:: DATA BELOW ::
Segment Open
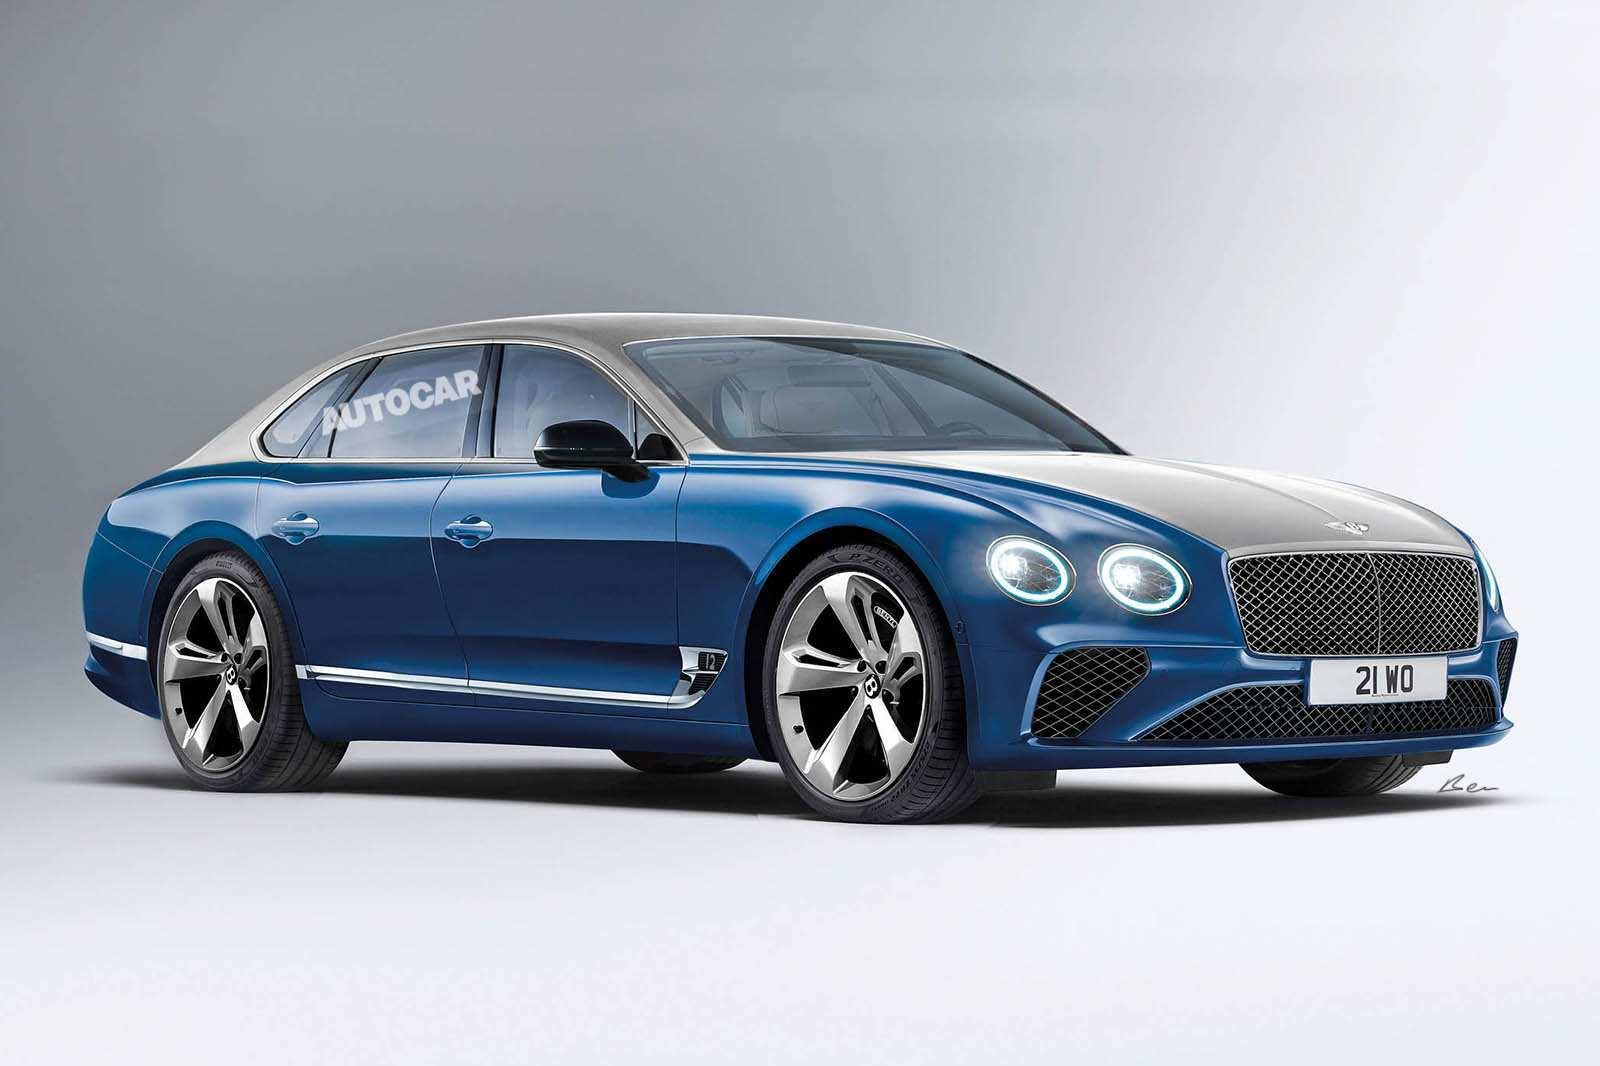 64 All New 2020 Bentley Gt New Concept with 2020 Bentley Gt
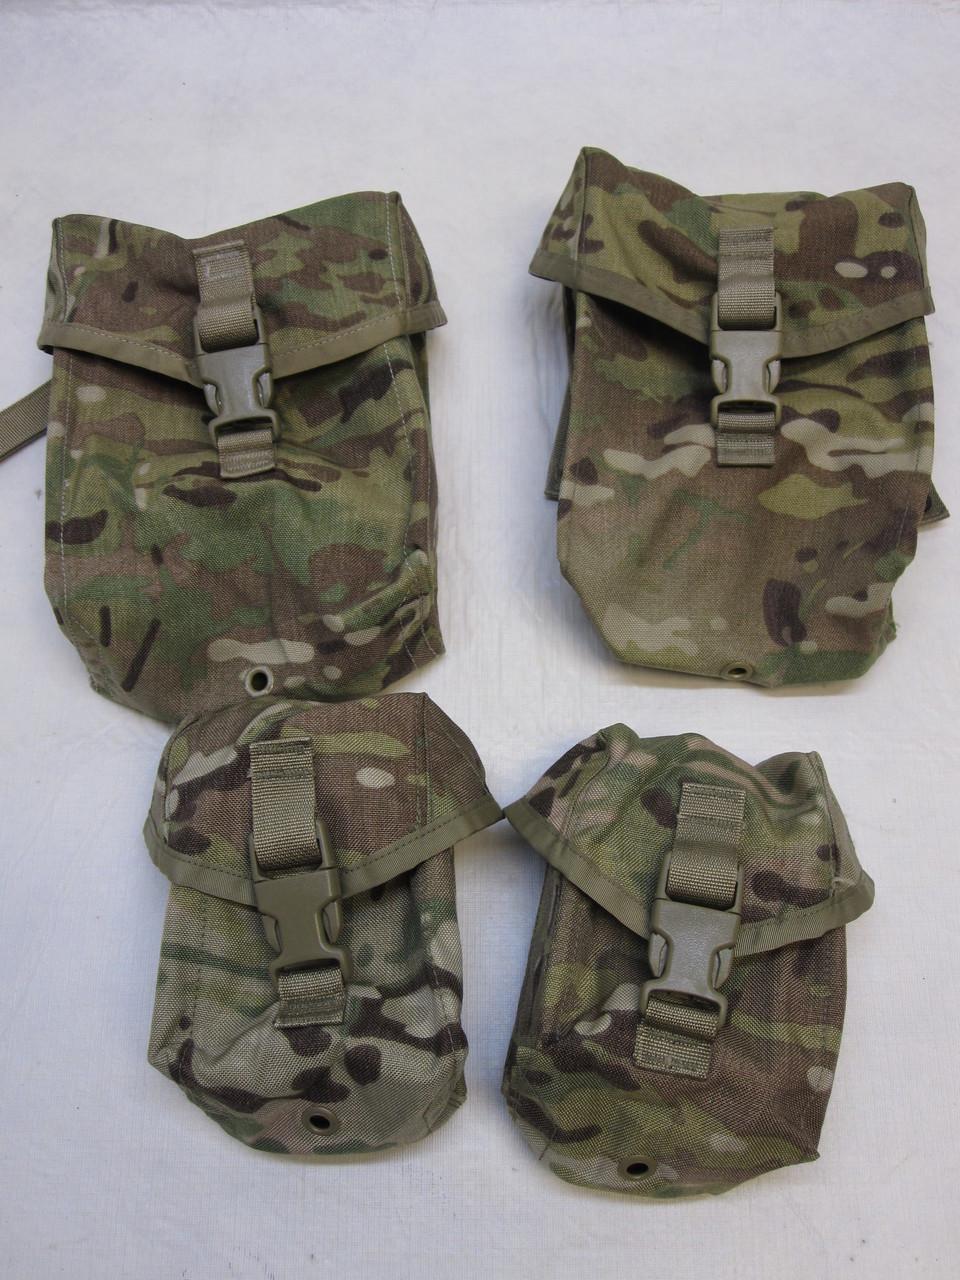 ARMY OCP MULTICAM SAW GUNNERS MOLLE POUCH SET (2) 100 RND & (2) 200 RND cO
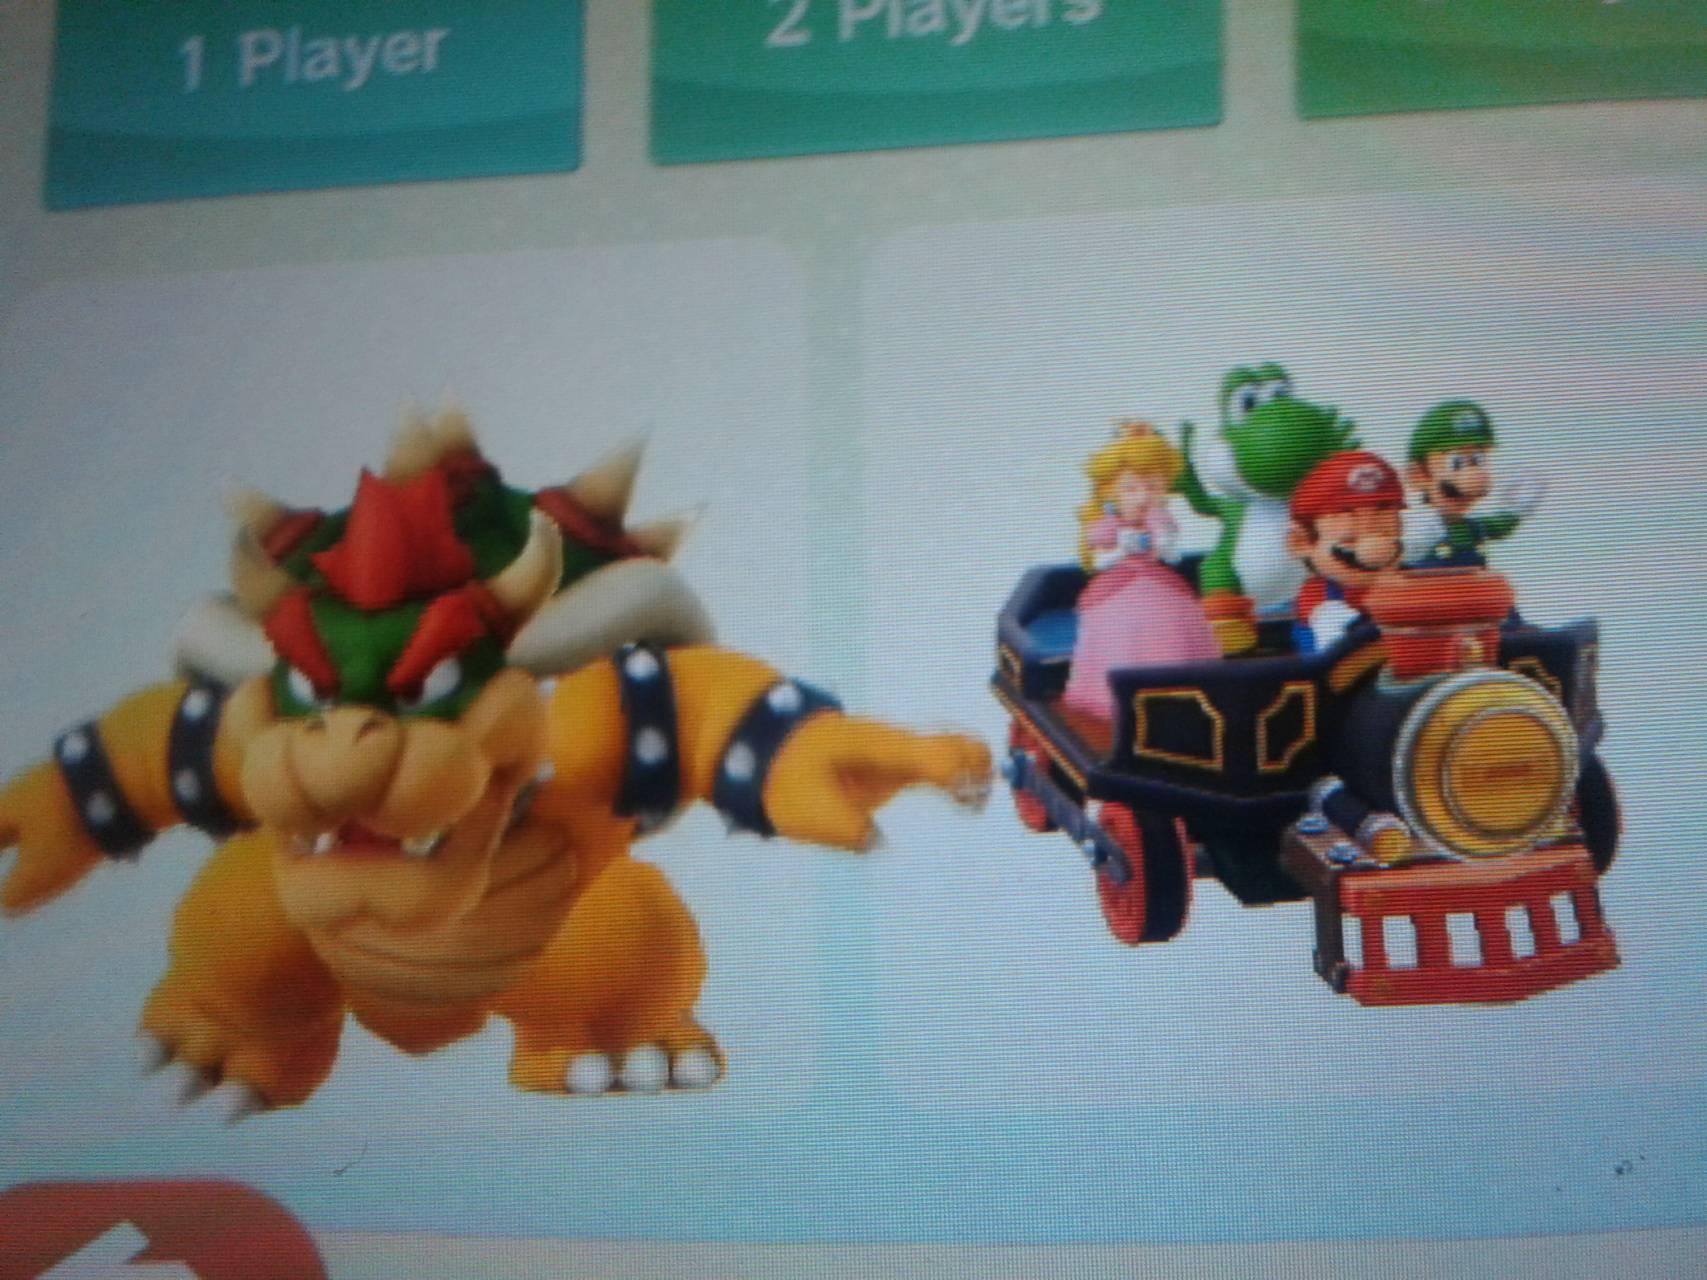 Mario team vs bowser
Segment Closed
:: ACTION ITEM ::
When you copy the data above, reproduce each line exactly and skip every image.

:: ANSWER TO THIS EXERCISE ::
 64 All New 2020 Bentley Gt New Concept with 2020 Bentley Gt
 ARMY OCP MULTICAM SAW GUNNERS MOLLE POUCH SET (2) 100 RND & (2) 200 RND cO
 Mario team vs bowser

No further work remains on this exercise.